▸ ABOUT THIS TASK: The entries below contain pictures, which are to be left out; write out exactly, and only, the lines from the line with "Плачущая кукла Cry" up to and including the line with "壁紙・背景イラスト/花のフレーム・外枠 no.079『白バラ・葉".

▸ MATERIAL PROVIDED:
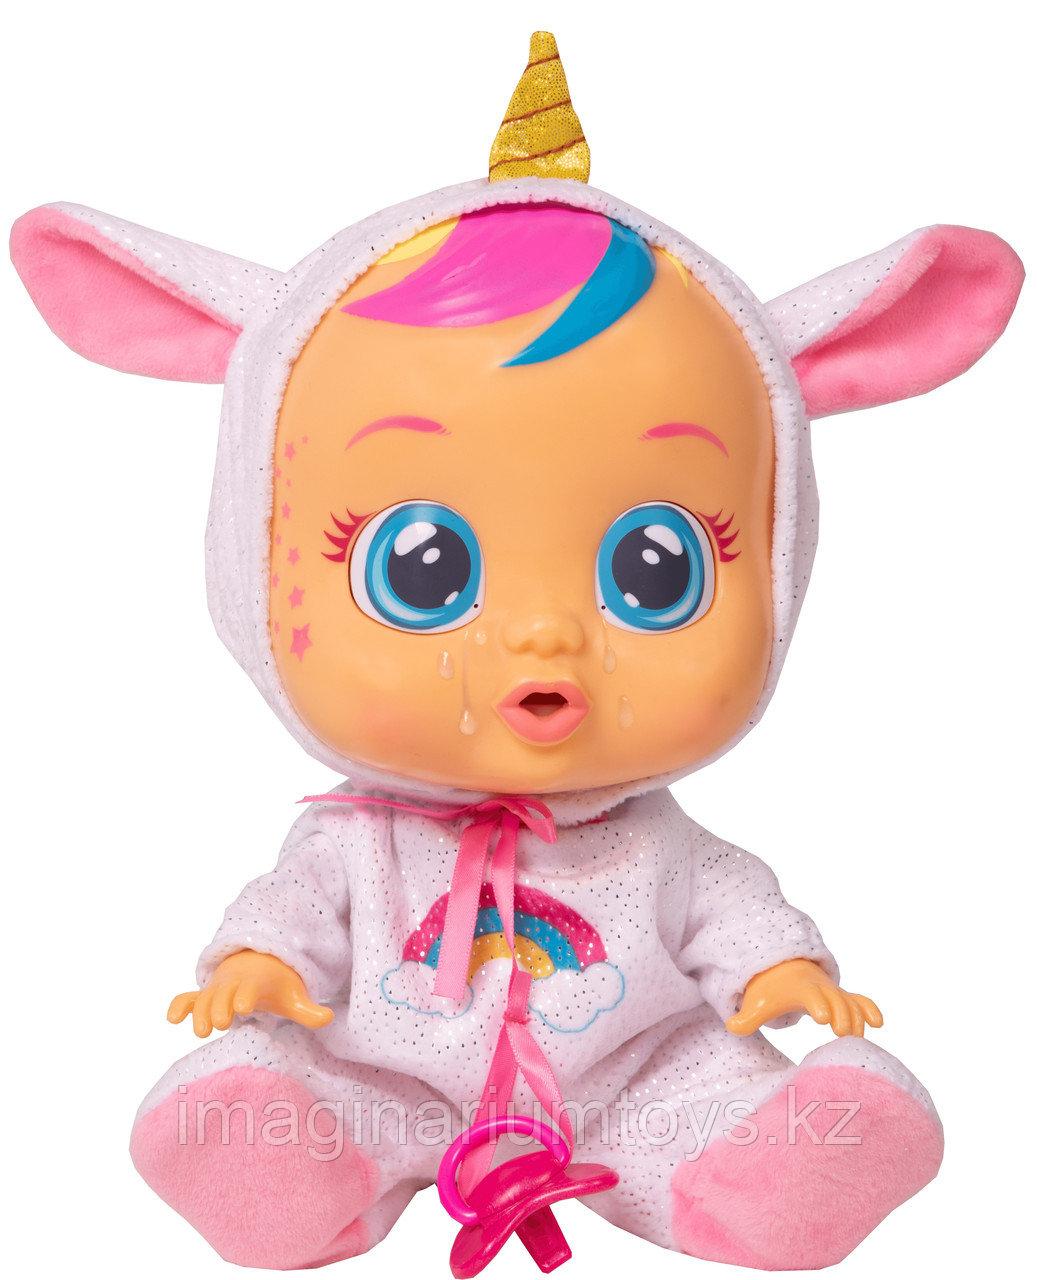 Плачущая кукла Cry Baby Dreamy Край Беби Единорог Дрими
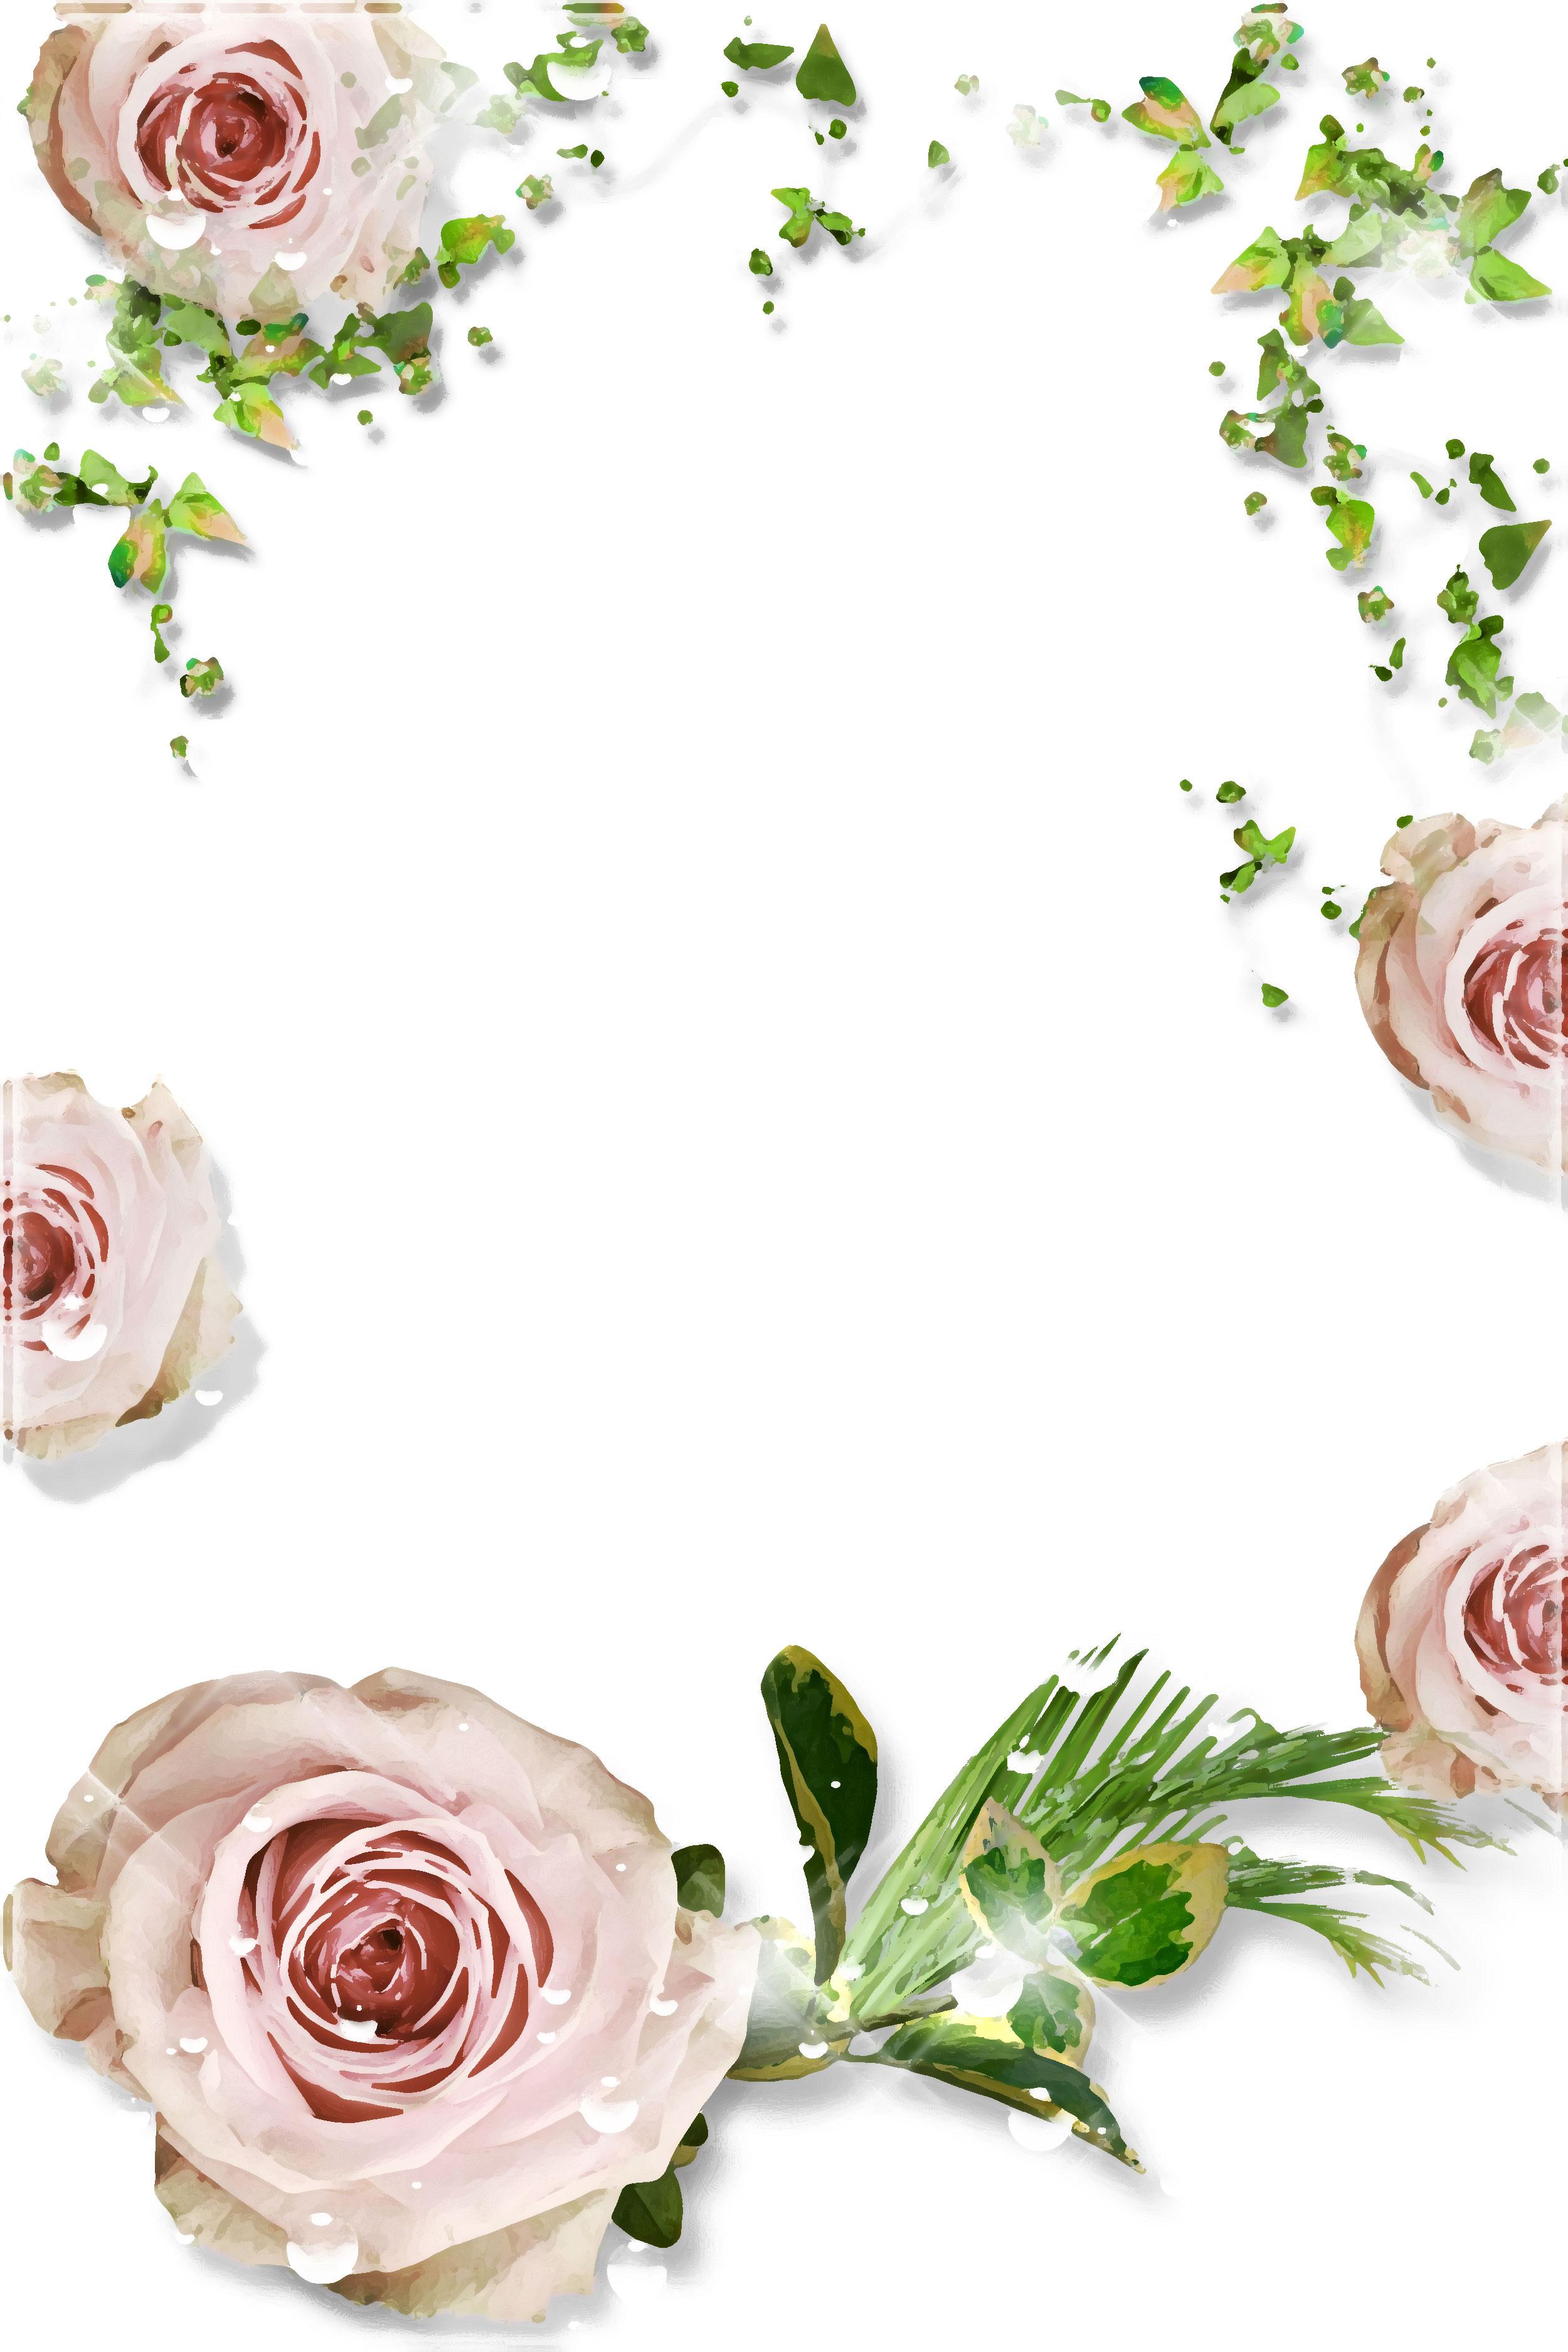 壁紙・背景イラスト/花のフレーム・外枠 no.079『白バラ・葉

--

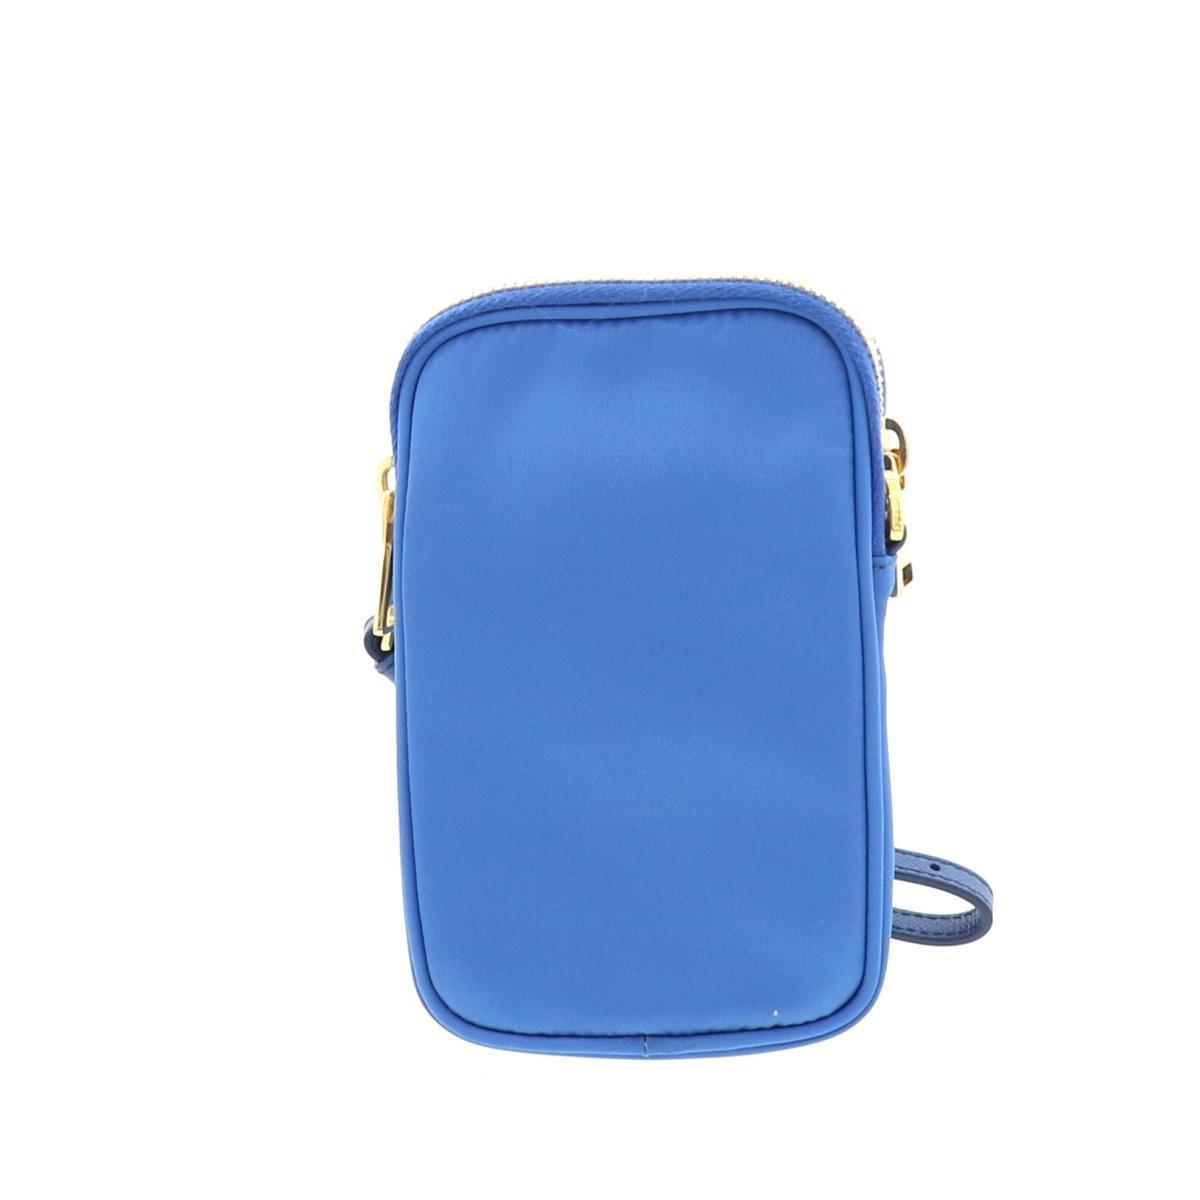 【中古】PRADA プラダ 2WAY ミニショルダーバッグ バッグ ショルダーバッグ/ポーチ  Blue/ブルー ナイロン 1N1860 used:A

---

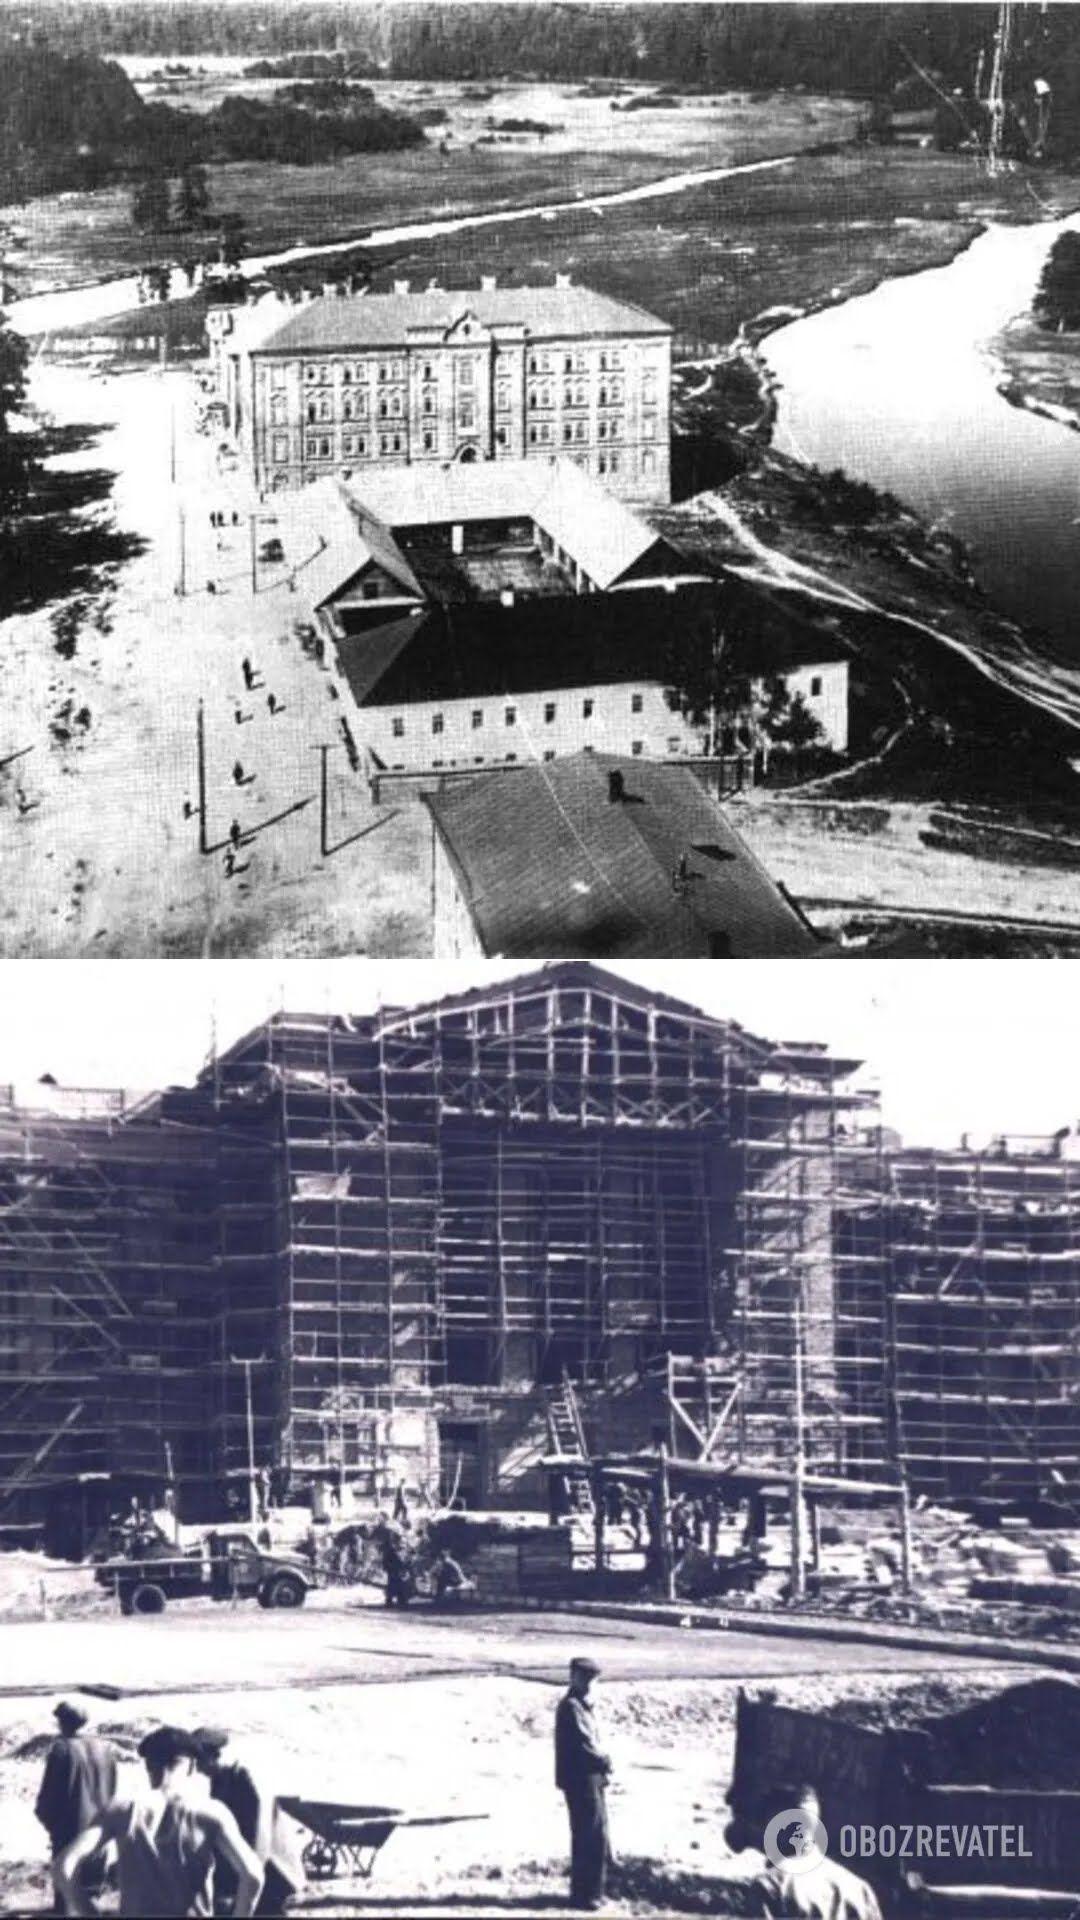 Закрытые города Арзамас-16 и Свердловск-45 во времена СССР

▸ EXERCISE SOLUTION:
 Плачущая кукла Cry Baby Dreamy Край Беби Единорог Дрими
 壁紙・背景イラスト/花のフレーム・外枠 no.079『白バラ・葉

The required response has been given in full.